Par un mémoire en défense enregistré le 24 novembre 2025, le préfet des Pyrénées-Orientales conclut au rejet de la requête.
Il fait valoir qu’aucun des moyens invoqués n’est fondé.
Vu les autres pièces du dossier.
Vu :
- la convention européenne de sauvegarde des droits de l’homme et des libertés fondamentales ;
- le code de l’entrée et du séjour des étrangers et du droit d’asile ;
- la loi n° 91-647 du 10 juillet 1991 relative à l’aide juridique ;
- le code de justice administrative.
La présidente du tribunal a désigné Mme Gigault, première conseillère, pour statuer sur les demandes présentées au titre des articles L. 921-1, L. 921-2, L. 921-3, L. 921-4, L. 922-1 et L. 922-2 du code de l’entrée et du séjour des étrangers et du droit d’asile.
Les parties ont régulièrement été averties du jour de l’audience.
Ont été entendus au cours de l’audience publique :
- le rapport de Mme Gigault,
- les observations de Me Broca, représentant M. A…, qui conclut aux mêmes fins et soulève un nouveau moyen tiré de l’erreur de fait à l’encontre de la mesure d’éloignement, dès lors que M. A… est entré régulièrement sur le territoire français, moins de trois mois avant la date de l’arrêté, muni d’un passeport biométrique,
- les observations de M. A…, assisté de Mme B…, interprète en langue albanaise, qui répond aux questions de la magistrate désignée,
- le préfet des Pyrénées-Orientales n’étant ni présent, ni représenté.
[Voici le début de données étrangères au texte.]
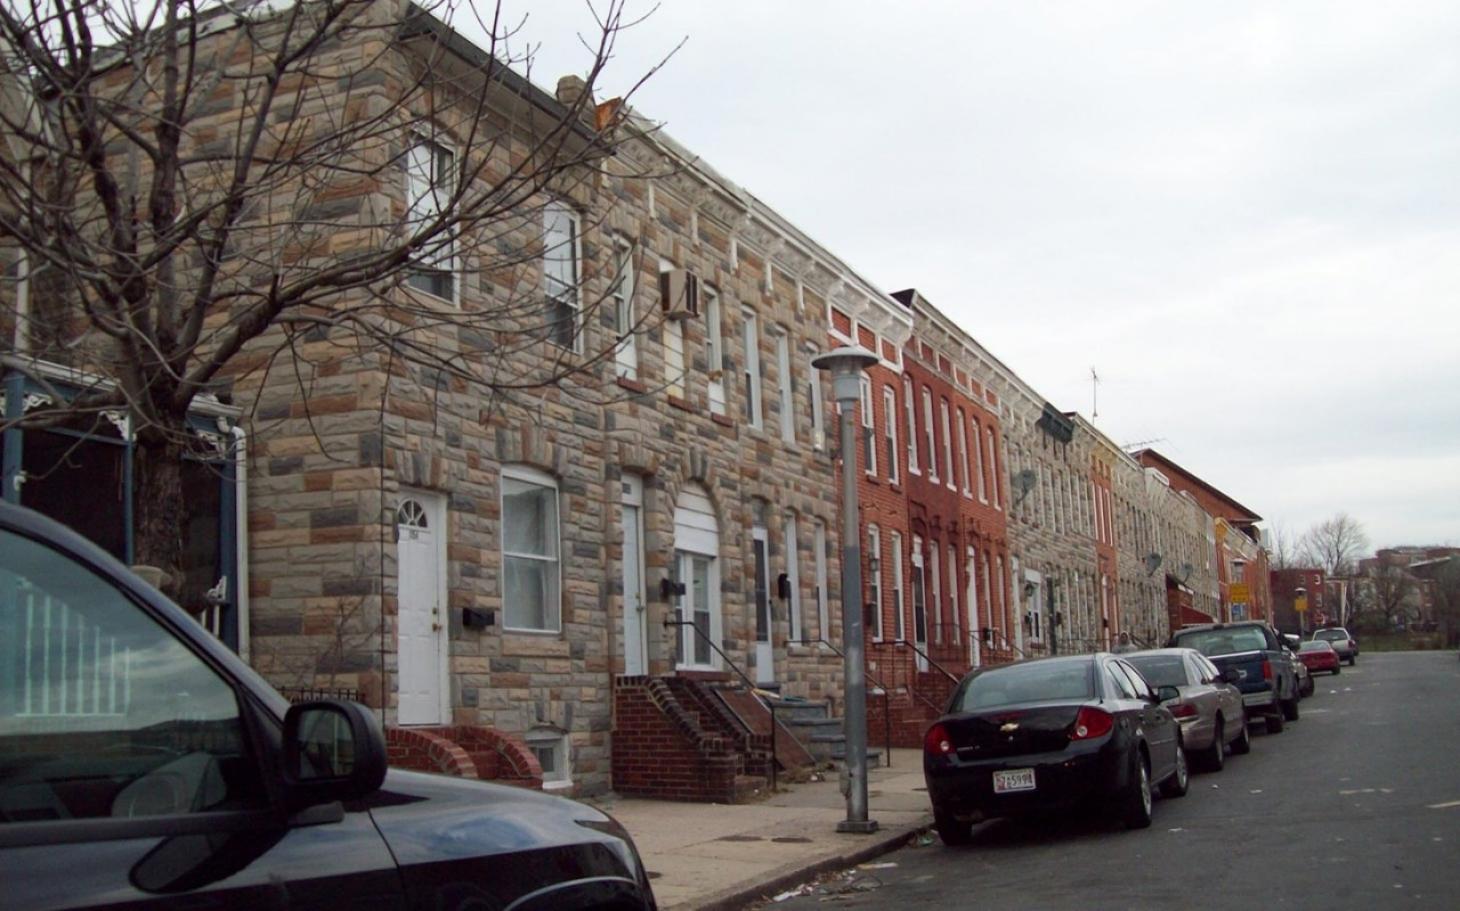 Baltimore S Poor White Residents Harassment Al Jazeera

La clôture de l’instruction a été prononcée à l’issue de l’audience.
Considérant ce qui suit :
M. A…, ressortissant albanais né le 4 juillet 1983 à Toplane (Albanie), déclare être entré en France pour la dernière fois le 29 octobre 2025. Par un jugement du 15 février 2022 du tribunal judiciaire de Perpignan, il a été condamné à une peine de trois mois d’emprisonnement et à une peine d’interdiction judiciaire du territoire français d’une durée de trois ans pour des faits de soustraction à l’exécution d’une obligation de quitter le territoire français. Par un arrêté du 19 novembre 2025, dont il demande l’annulation, le préfet des Pyrénées-Orientales l’a obligé à quitter le territoire français sans délai, a fixé le pays de renvoi et l’a interdit de retour sur le territoire français pour une durée de trois ans.
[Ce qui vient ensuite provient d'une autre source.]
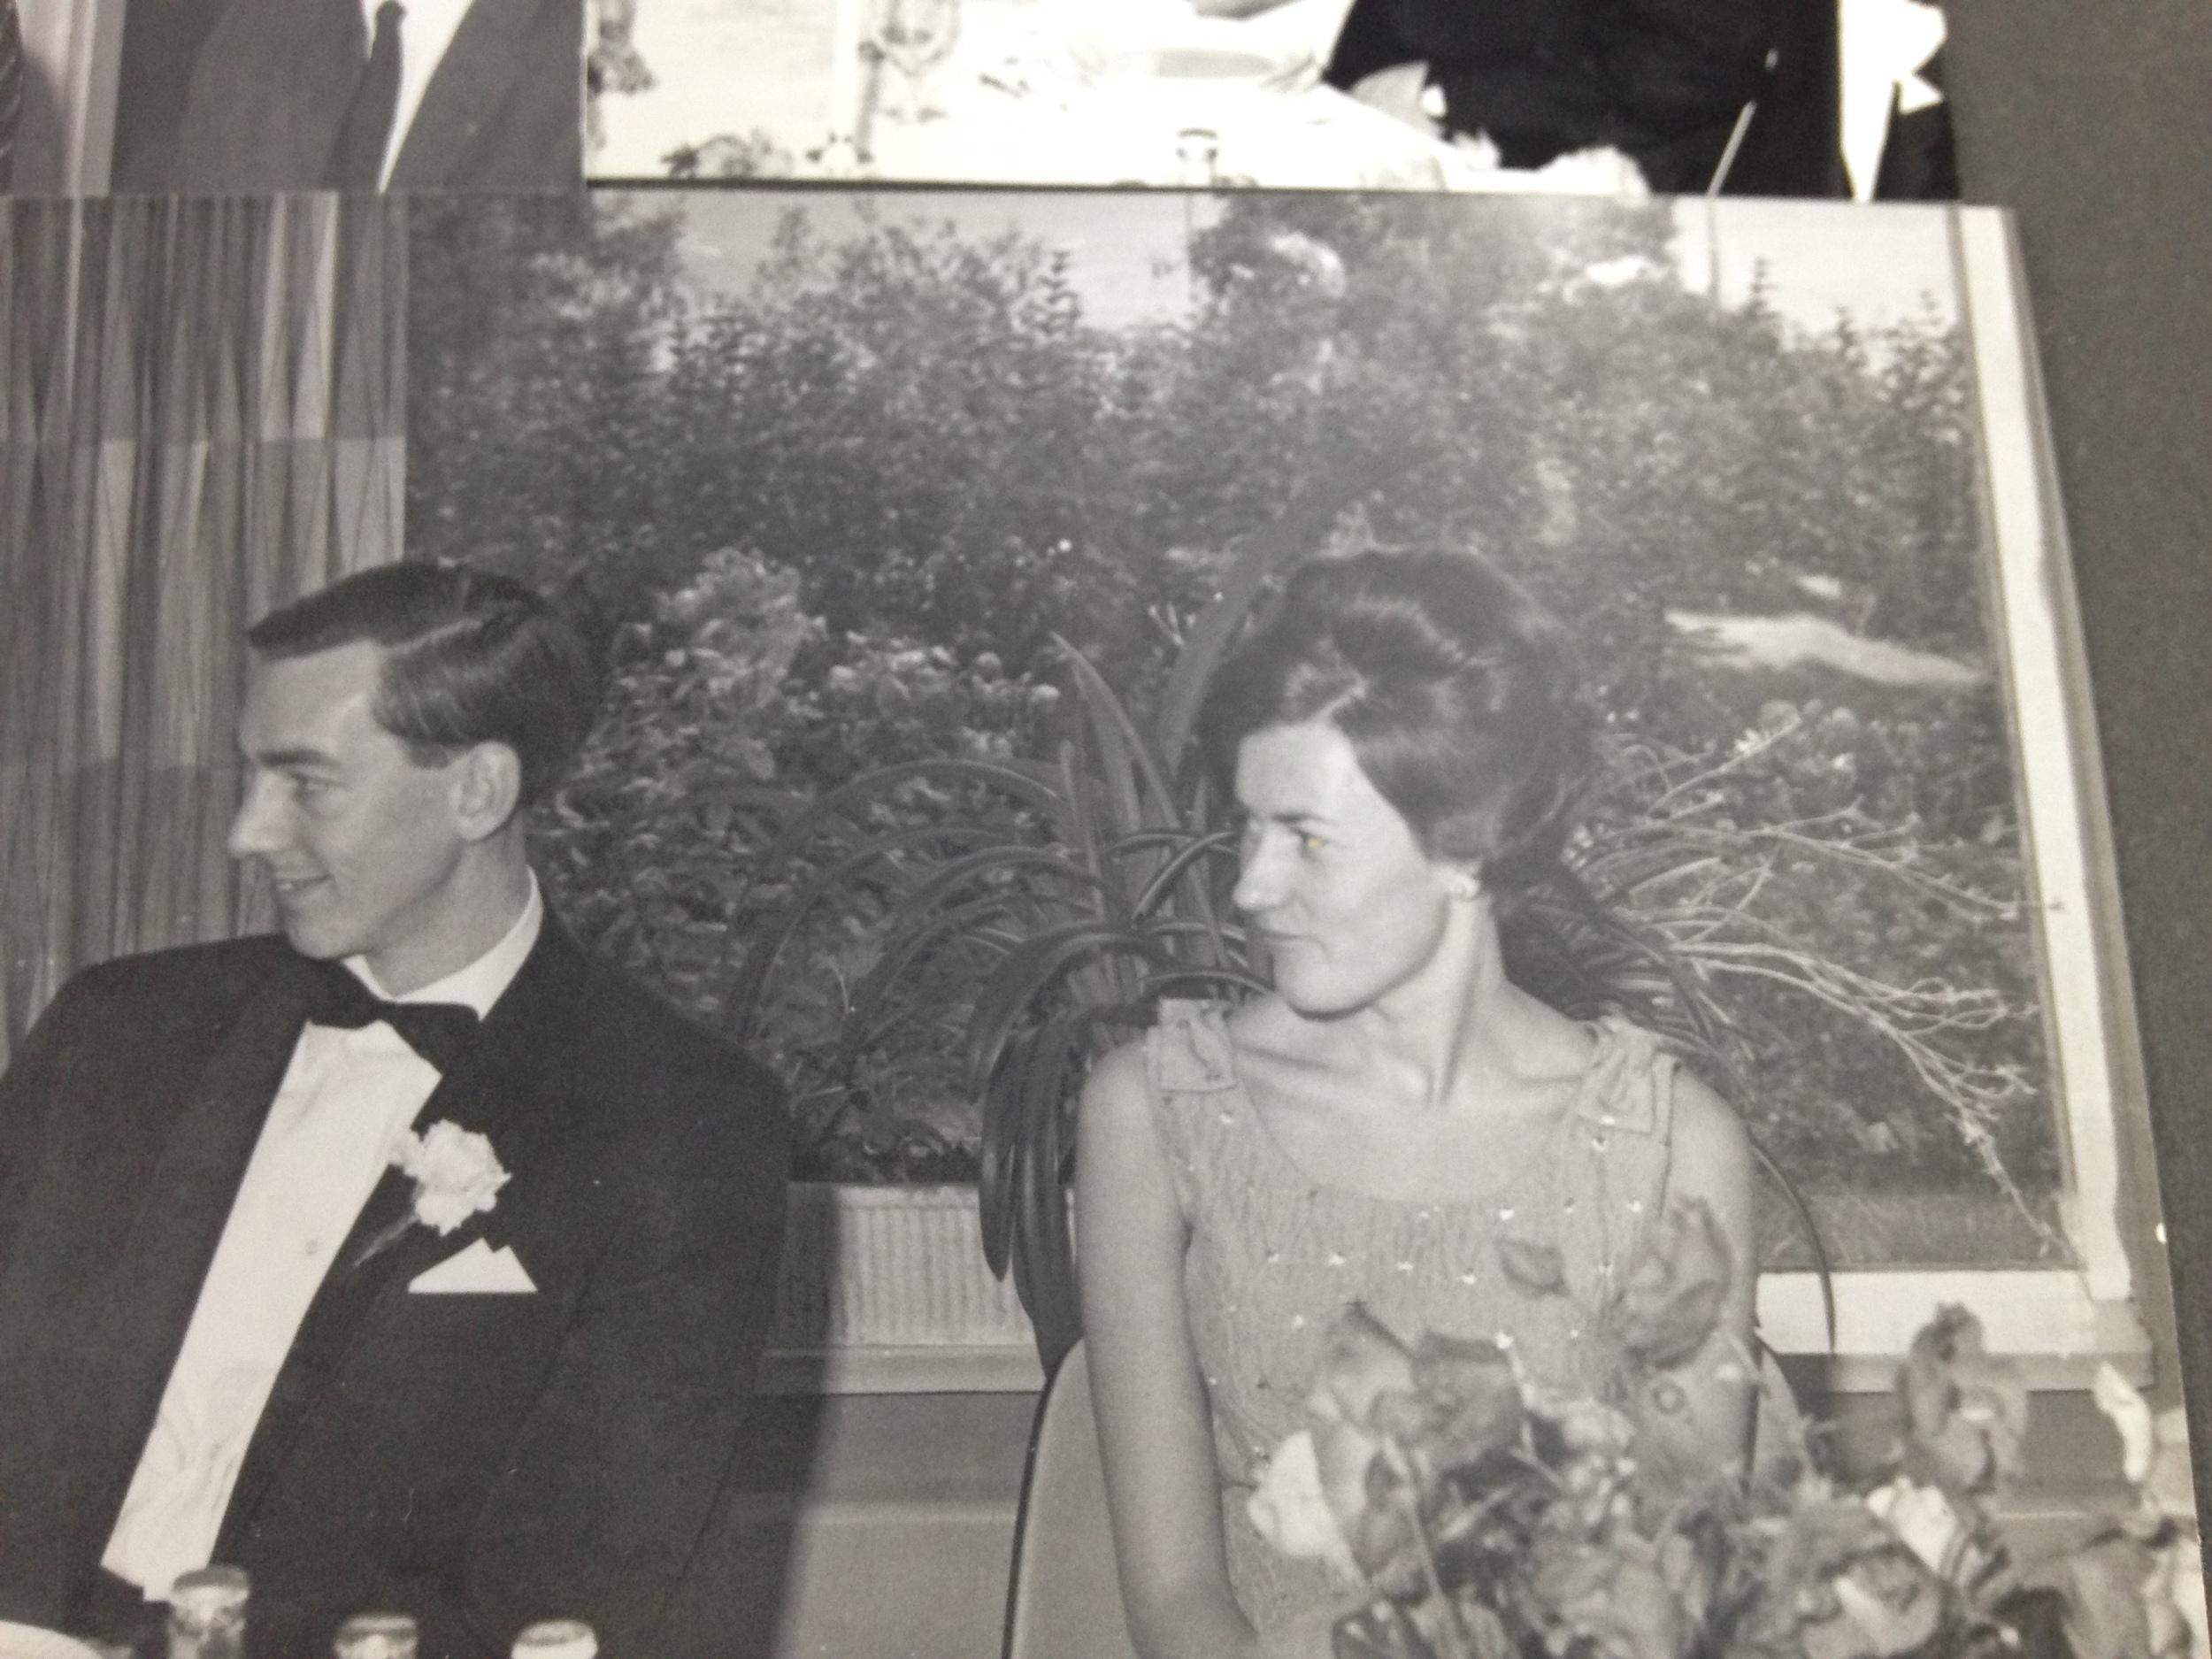 My grandparents at a wedding.

Sur l’admission au bénéfice de l’aide juridictionnelle à titre provisoire :
L’article 20 de la loi du 10 juillet 1991 relative à l’aide juridique dispose que : « Dans les cas d’urgence, sous réserve de l’application des règles relatives aux commissions ou désignations d’office, l’admission provisoire à l’aide juridictionnelle peut être prononcée par la juridiction compétente (…) ». Il y a lieu, eu égard à l’urgence qui s’attache à ce qu’il soit statué sur la requête de l’intéressé, de prononcer son admission provisoire à l’aide juridictionnelle.
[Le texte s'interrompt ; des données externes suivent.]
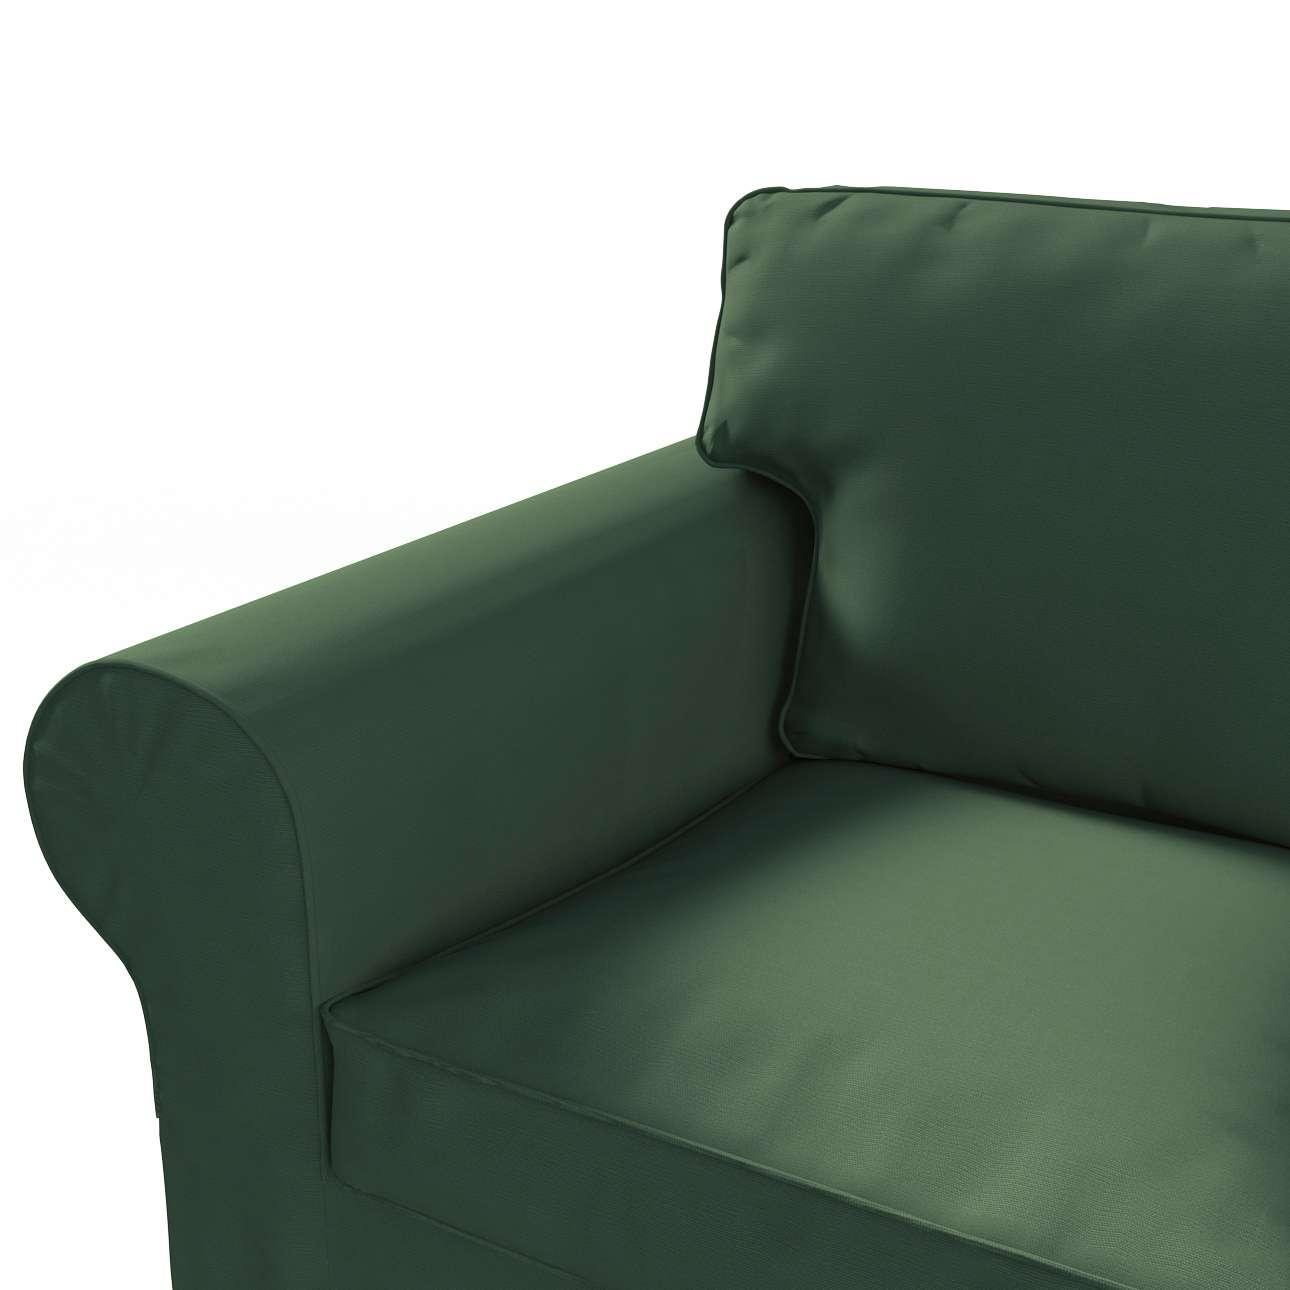 Ektorp 3-Sitzer Sofabezug nicht ausklappbar Sofabezug für  Ektorp 3-Sitzer nicht ausklappbar von der Kollektion Cotton Panama, Stoff: 702-06

Sur les conclusions à fin d’annulation :
En ce qui concerne l’arrêté pris dans son ensemble :
En premier lieu, par un arrêté du 25 août 2025, publié le même jour au recueil des actes administratifs spécial de la préfecture, le préfet des Pyrénées-Orientales a donné délégation à Mme E… D…, Cheffe du bureau de la migration et de l’intégration, à l’effet de signer les mesures d’éloignement et les décisions les assortissant. Par suite, le moyen tiré de l’incompétence de la signataire de la décision attaquée doit être écarté.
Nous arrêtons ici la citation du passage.